Marilyn Monroe was sensitive and very difficult. She tried hard, but you had to wait for her to come through, to start rolling, and then her tiny kind of inhibition disappeared and after that she was phenomenal, one of the great comediennes. The metabolism had to be right with her, and if it was right, she was a marvellous thing to direct.
The Apartment and Meet Whiplash Willie [aka Fortune Cookie] seem to indicate a return to a more personal style…
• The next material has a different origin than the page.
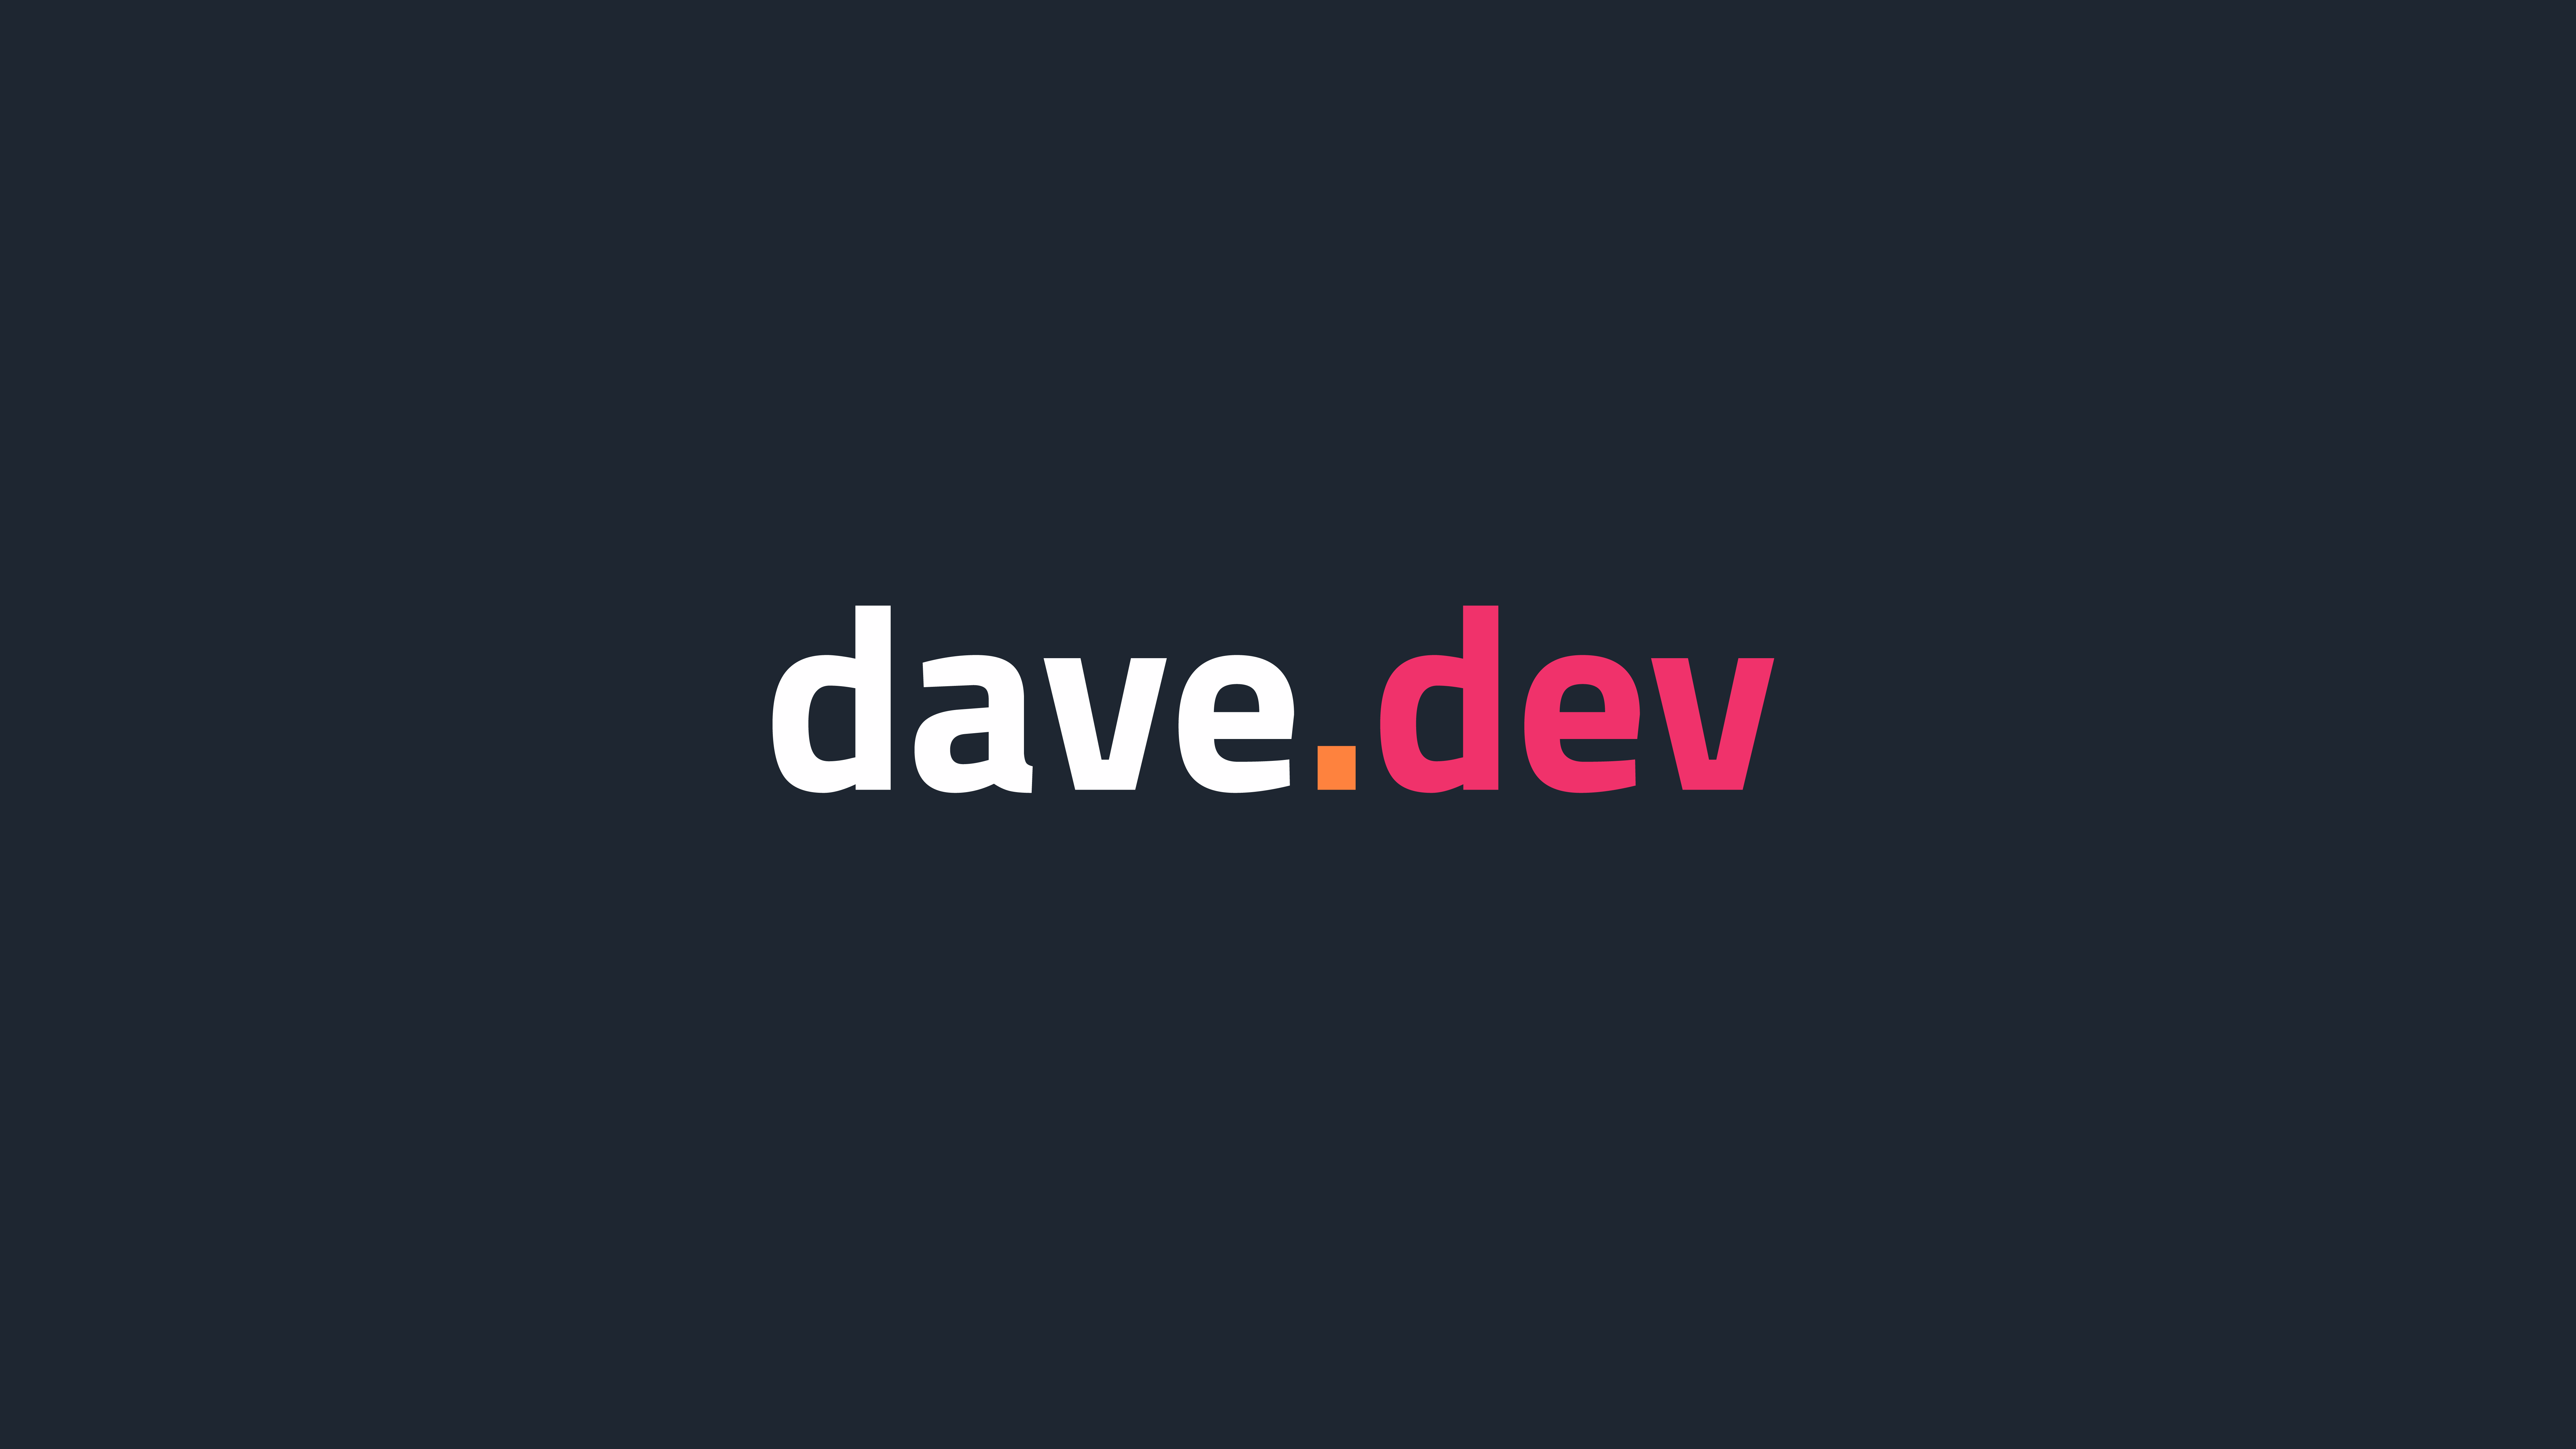 Company logo image - dave.dev

That’s true, and of course they aren’t really comedies. We sugar-coated them with a few laughs here and there, but what I wanted to say in them finally was, human beings are human beings. Once again, I wanted the starkest realism. In The Apartment, the apartment itself was small, we took the white out, and the office was built in exact perspective; we had tiny desks at the back with dwarfs and then tinier ones still with cut-outs. Alexander Trauner is the best in the business and he worked it out brilliantly.
In these pictures, I wanted to say: “How corrupt we are, how money mad we are.” As someone says in Meet Whiplash Willie, “People will do anything for money. Except for some people. They will do almost anything for money.” I guess that’s the theme of all my pictures. Maybe my philosophy is cynical, but I have to be true to what I feel.
My next picture is sure to be in bad taste, and I’m hoping the people financing me don’t blow all the money. After all, my ideas about people aren’t so brand new, are they, that they’re going to shock anybody? Say a little bit to rub audiences the wrong way, but not too much, and you haven’t lost them. Have you?